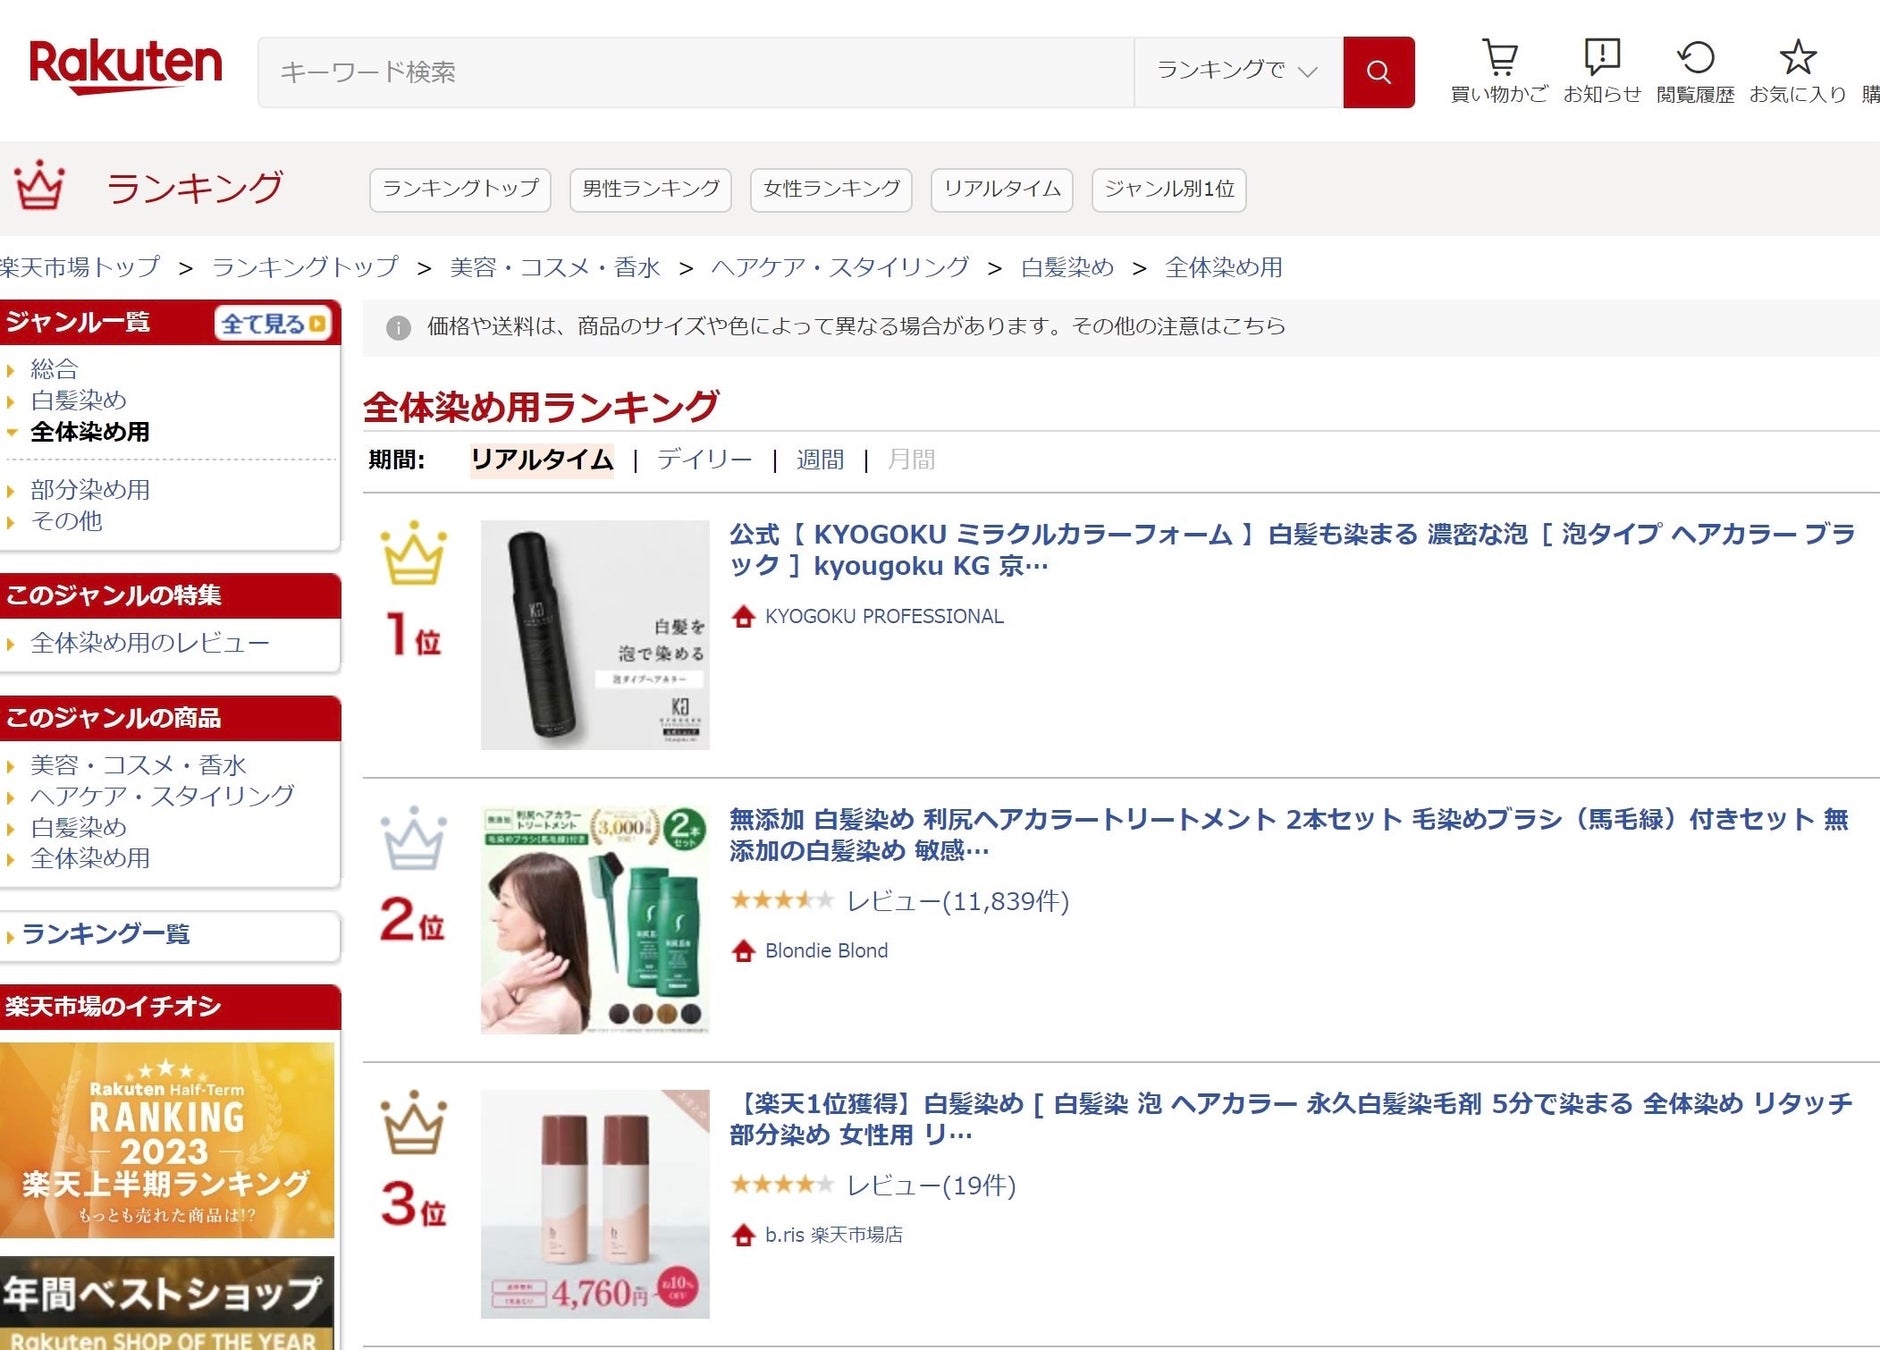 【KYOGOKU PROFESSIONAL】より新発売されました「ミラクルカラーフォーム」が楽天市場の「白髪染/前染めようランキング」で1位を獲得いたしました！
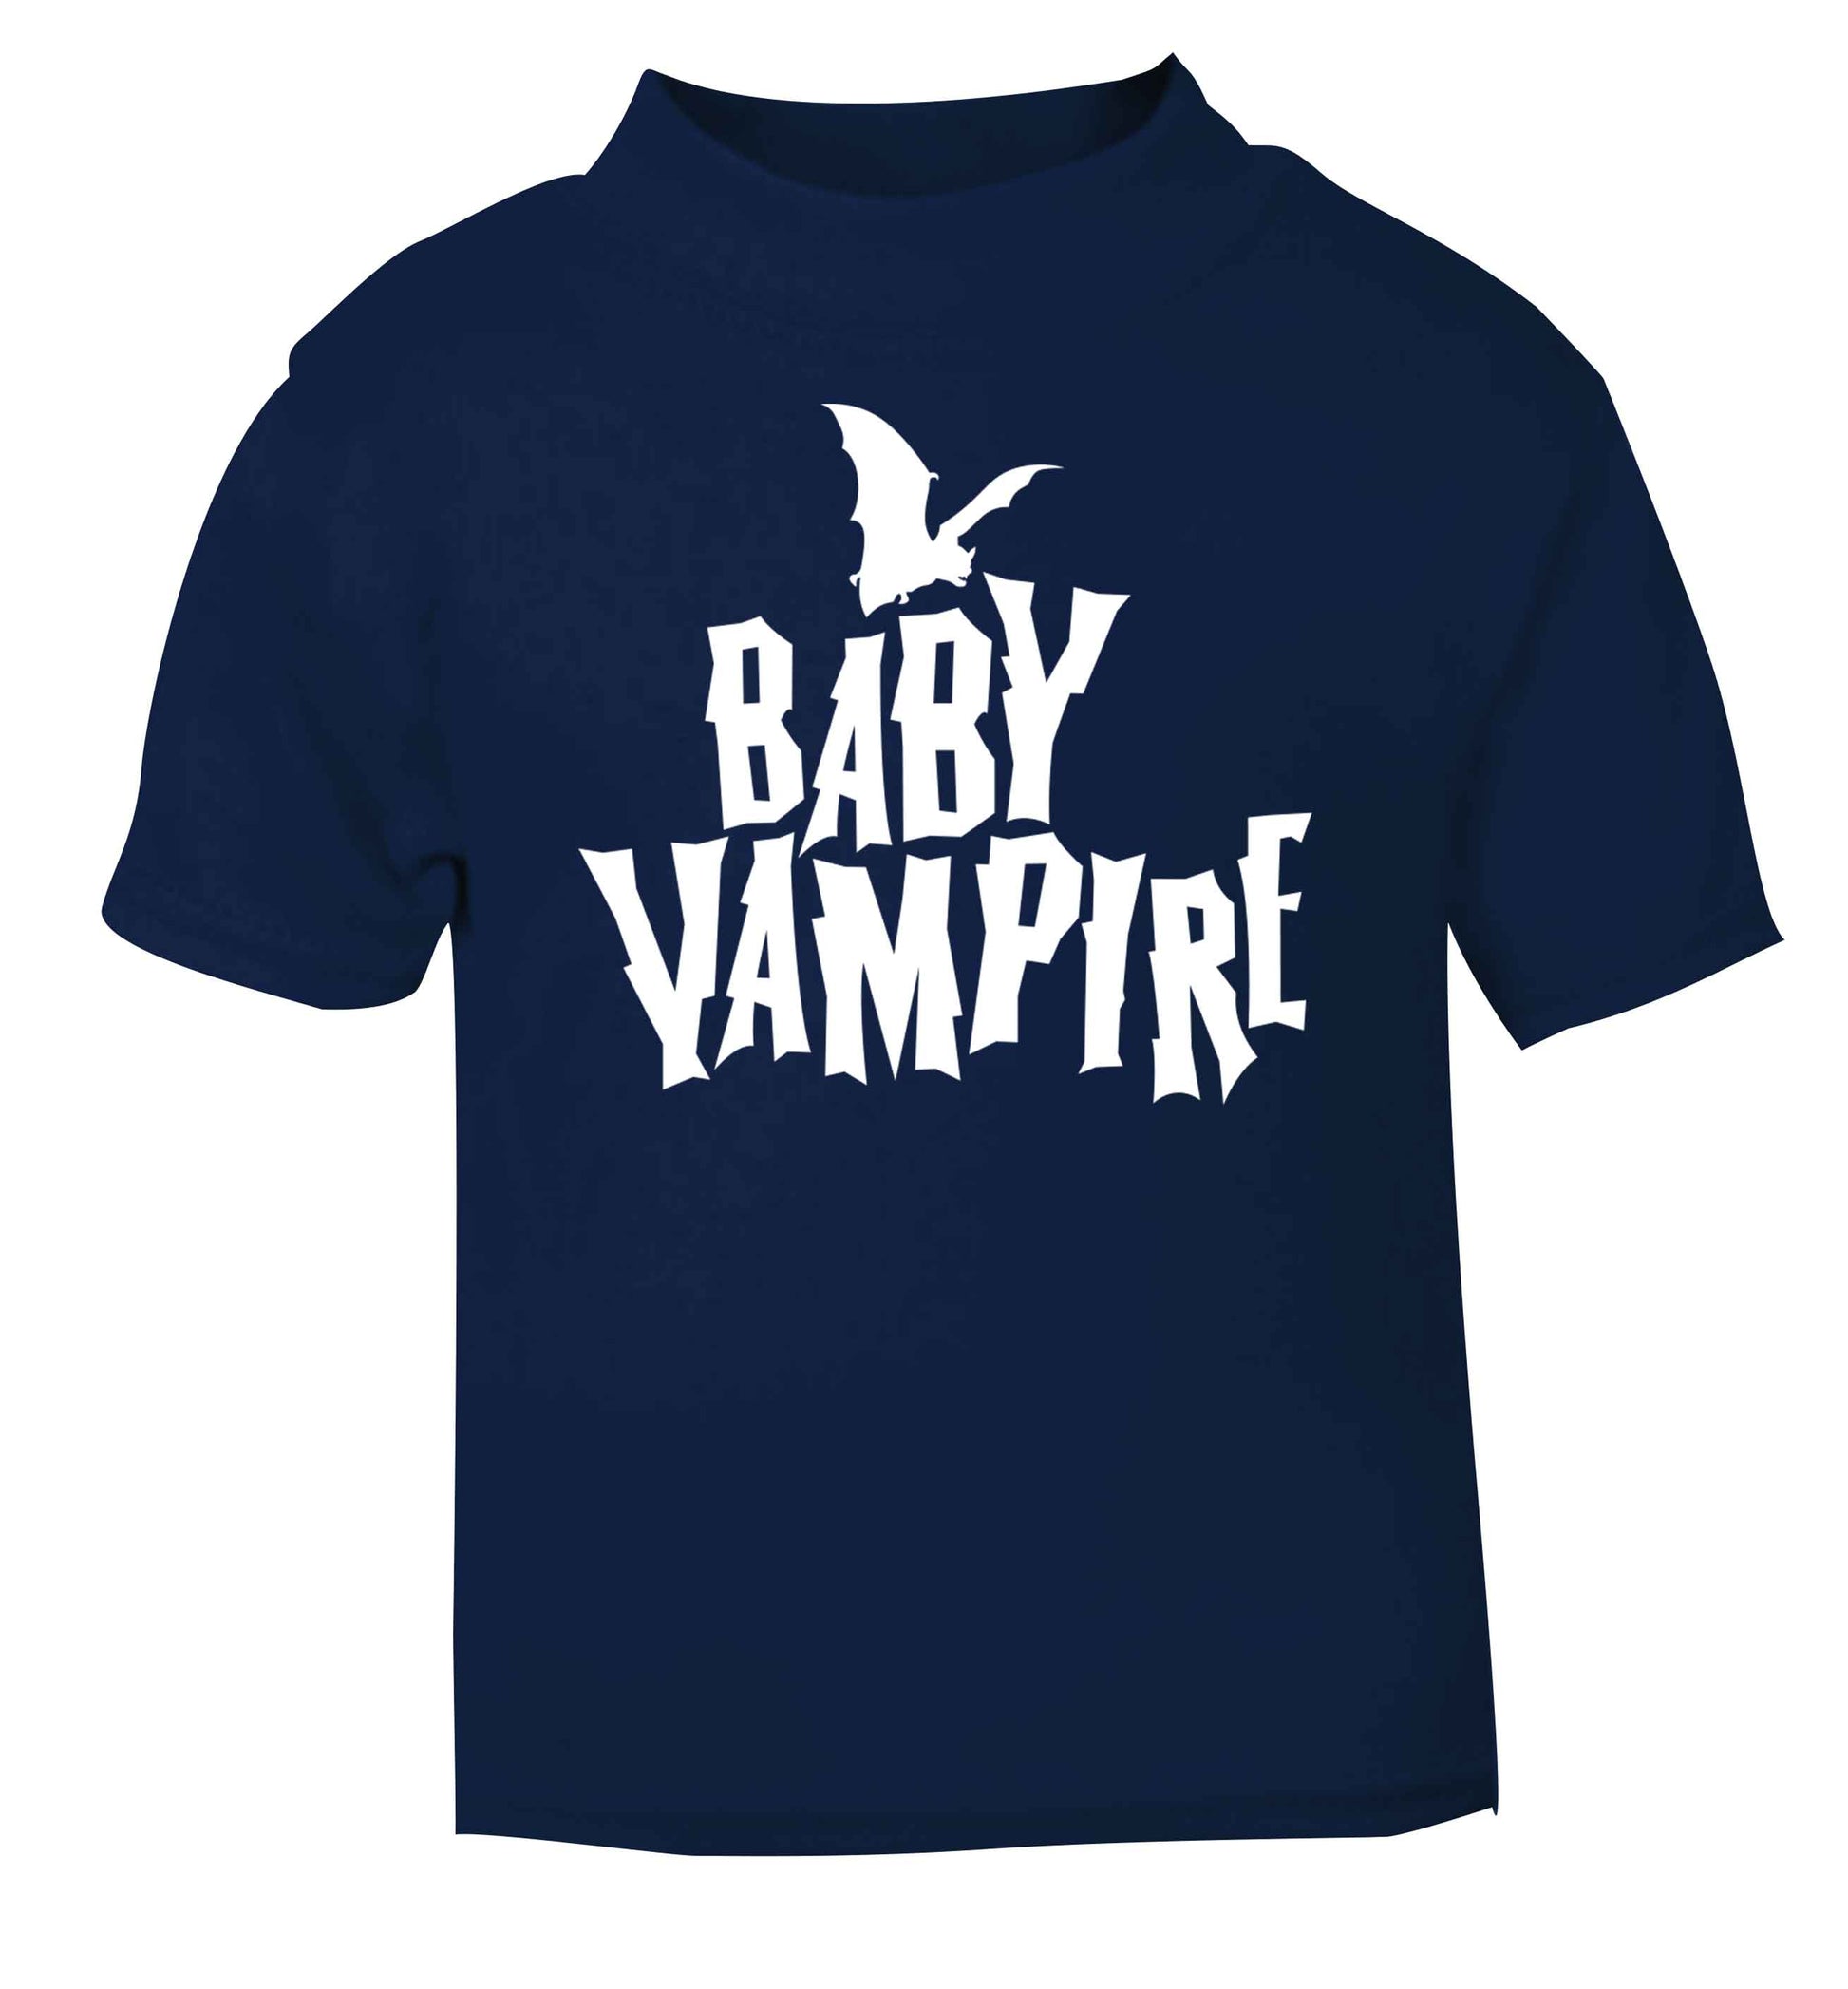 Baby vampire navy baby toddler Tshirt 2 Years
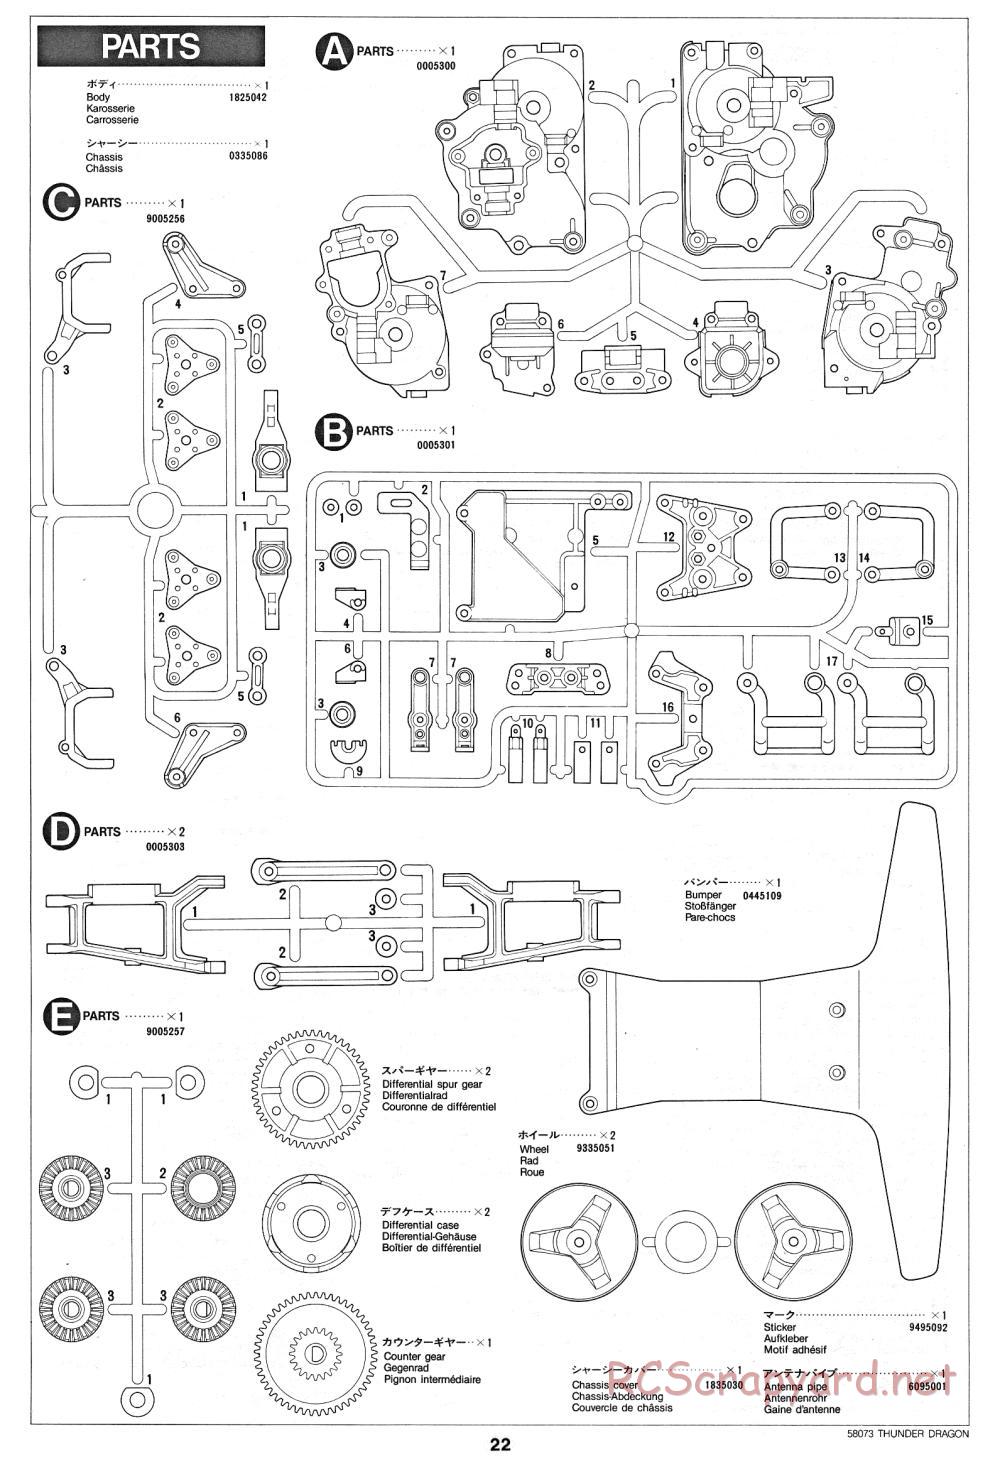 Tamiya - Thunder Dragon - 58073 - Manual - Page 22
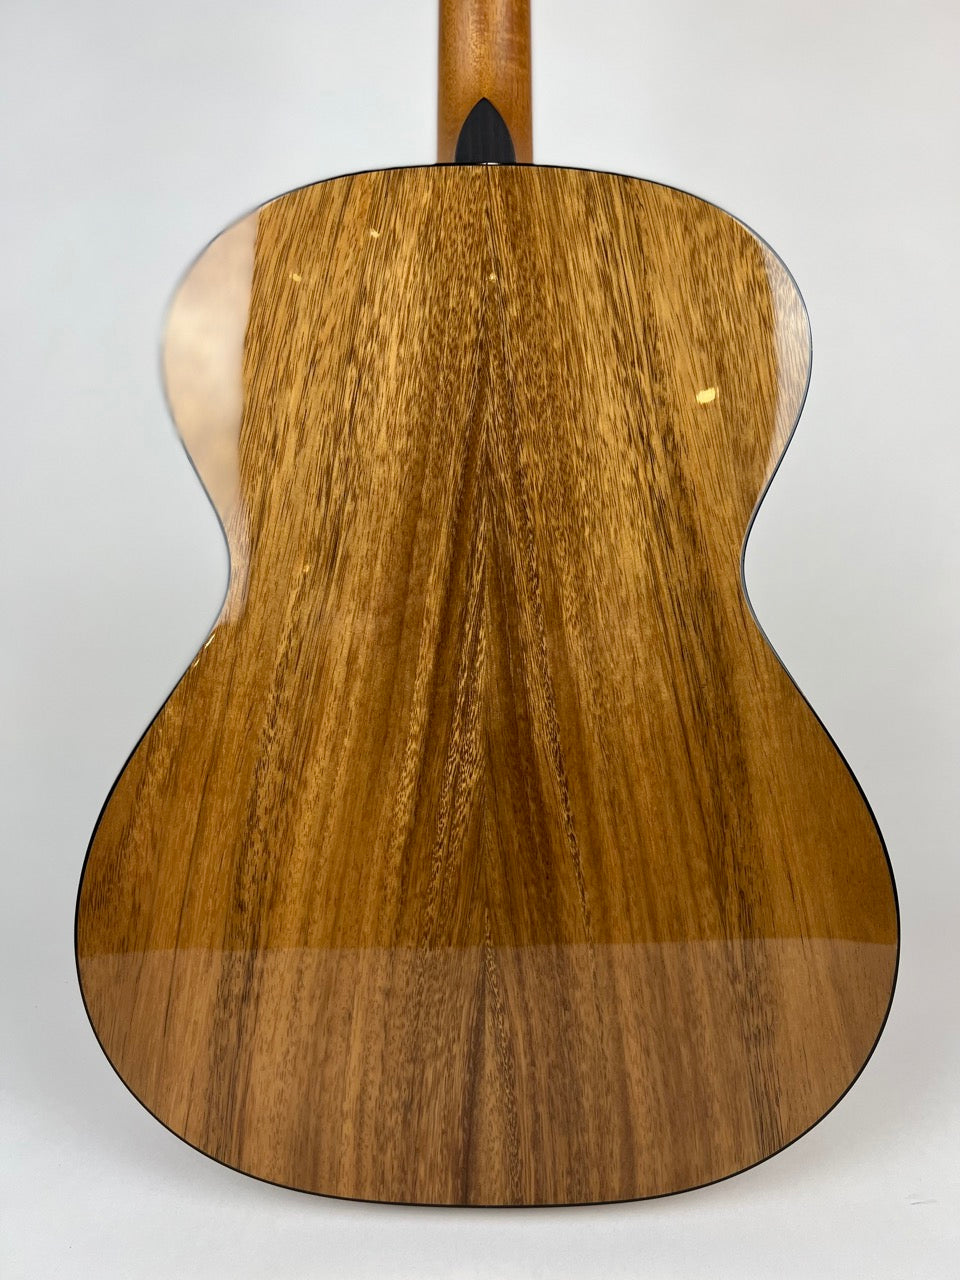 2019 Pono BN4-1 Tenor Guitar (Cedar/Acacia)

:: What you are asked to do ::
Here the job is to quote the lines from the one with "Baby vampire navy" through the end of the material, both included, exactly; please skip the pictures.

:: Answer below ::
 Baby vampire navy baby toddler Tshirt 2 Years
 Tamiya - Thunder Dragon - 58073 - Manual - Page 22
 2019 Pono BN4-1 Tenor Guitar (Cedar/Acacia)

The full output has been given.